* _DATA FOR REVIEW_:
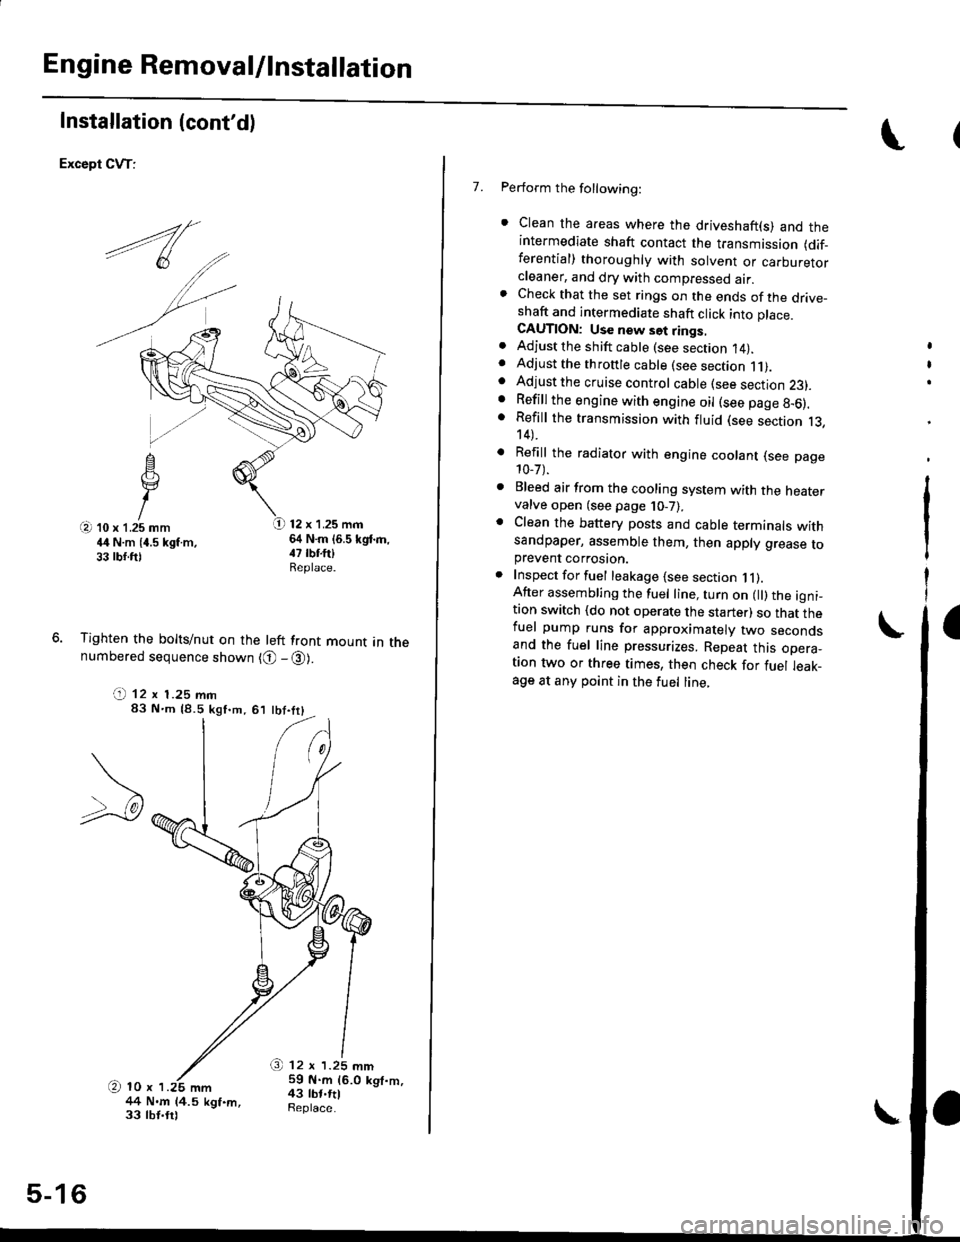 HONDA CIVIC 1997 6.G Workshop Manual Engine Removal/lnstallation
Installation (contd)
Except CVT:
12 x 1.25 mm64 N.m (6.5 kgd.m,
Tighten the bolts/nut on the left front mount in thenumbered sequence shown {O - @).
(t 12 x 1.25 mm83 Nm 
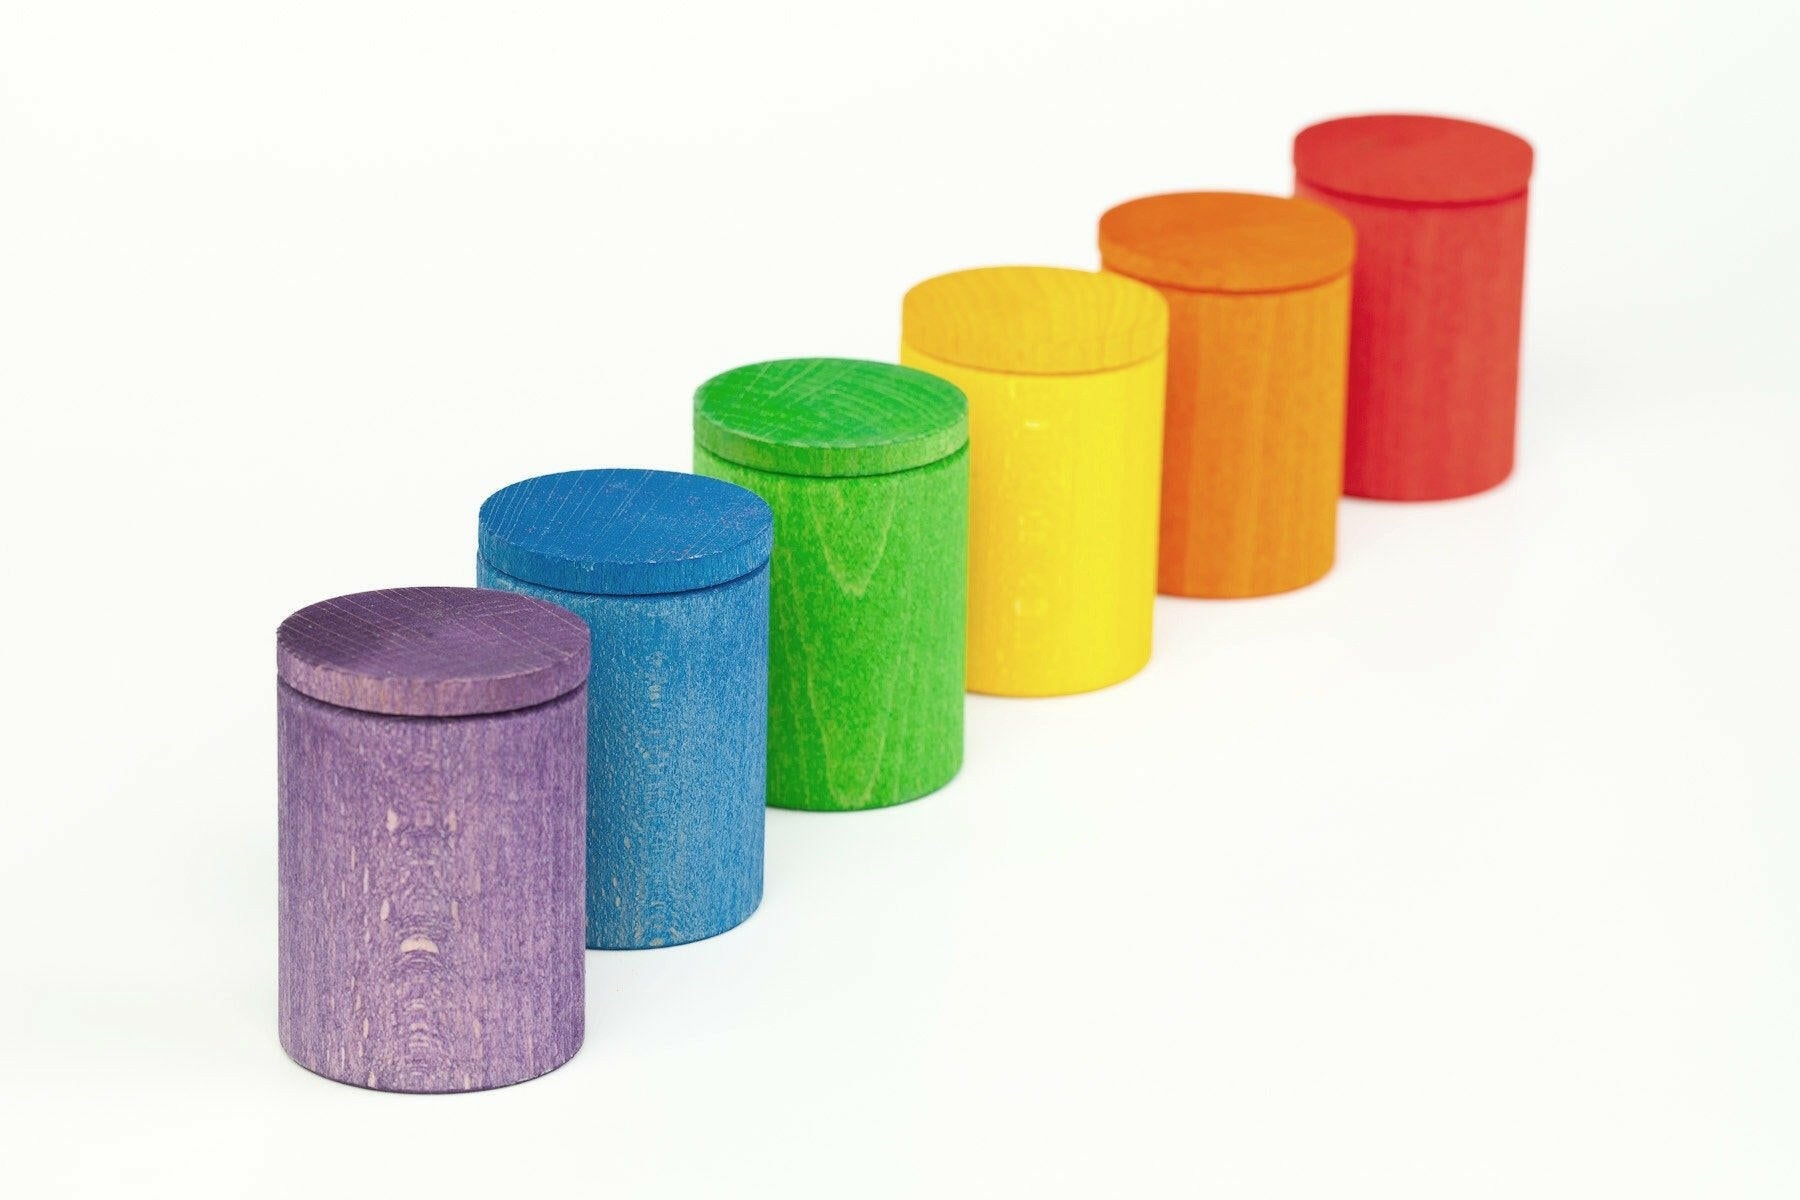 Grapat Grapat Cups with Lid (Rainbow Coloured) - 6 pieces Grapat
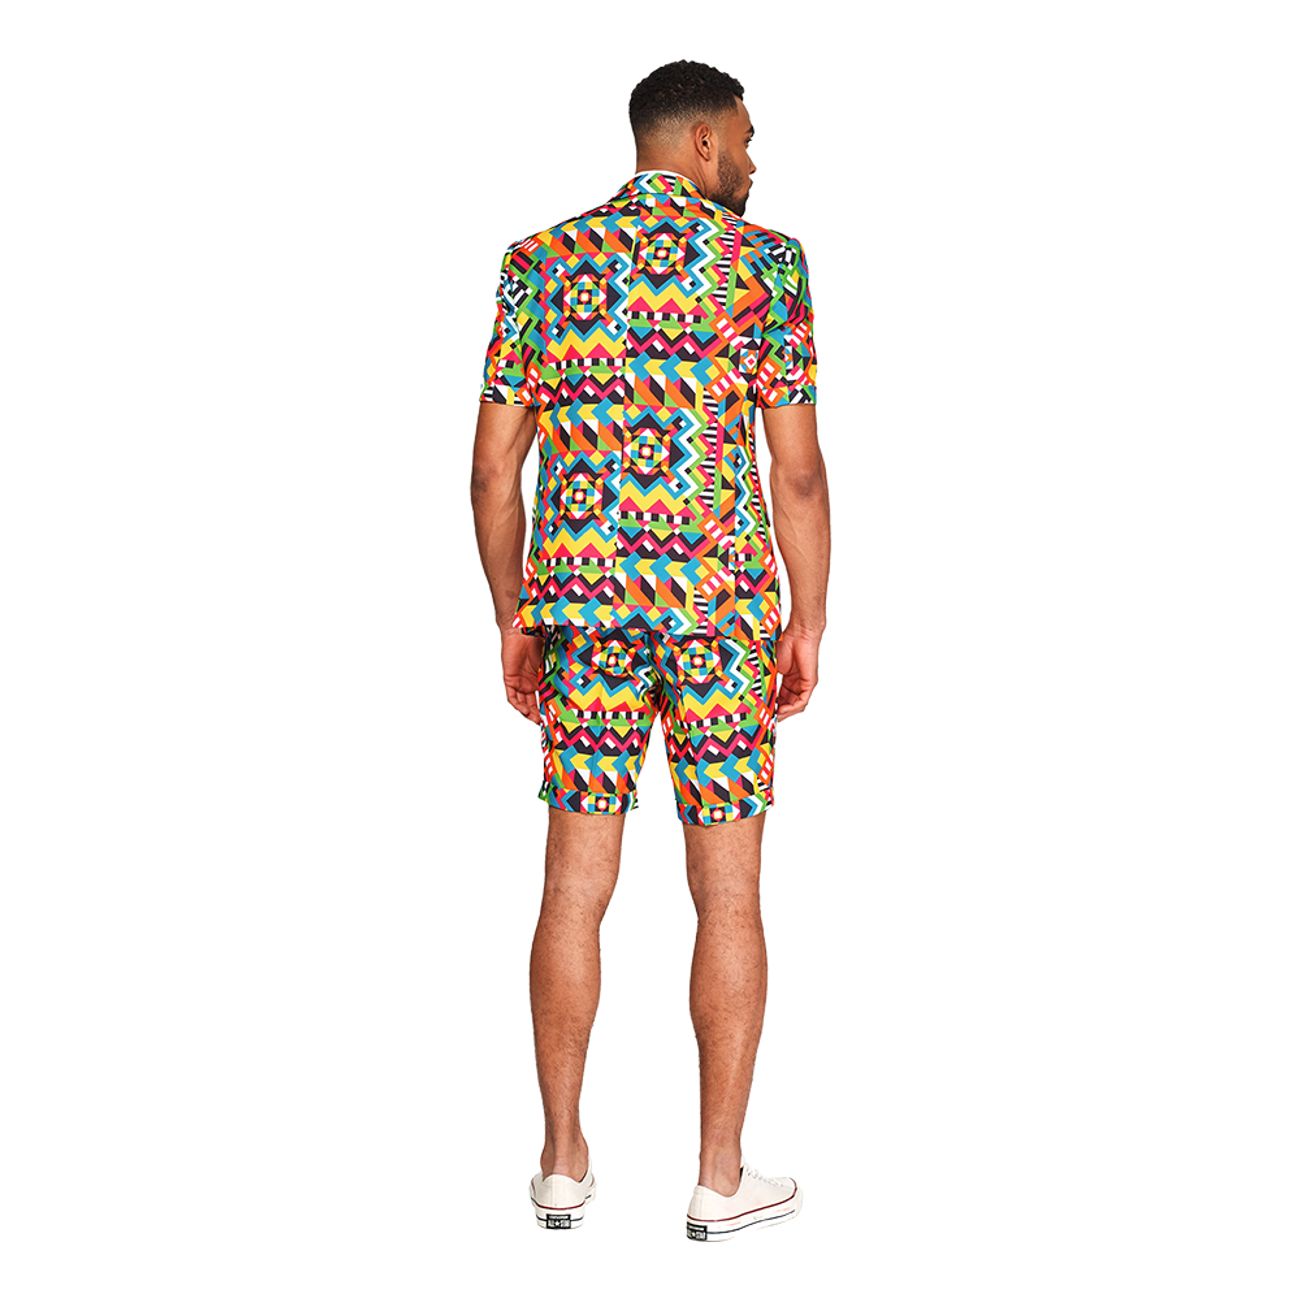 opposuits-abstractive-shorts-kostym-2

* _PROBLEM DESCRIPTION_:
Everything in the data except the pictures needs to be written out exactly.

* _FINISHED TASK_:
 HONDA CIVIC 1997 6.G Workshop Manual Engine Removal/lnstallation
Installation (contd)
Except CVT:
12 x 1.25 mm64 N.m (6.5 kgd.m,
Tighten the bolts/nut on the left front mount in thenumbered sequence shown {O - @).
(t 12 x 1.25 mm83 Nm 
 Grapat Grapat Cups with Lid (Rainbow Coloured) - 6 pieces Grapat
 opposuits-abstractive-shorts-kostym-2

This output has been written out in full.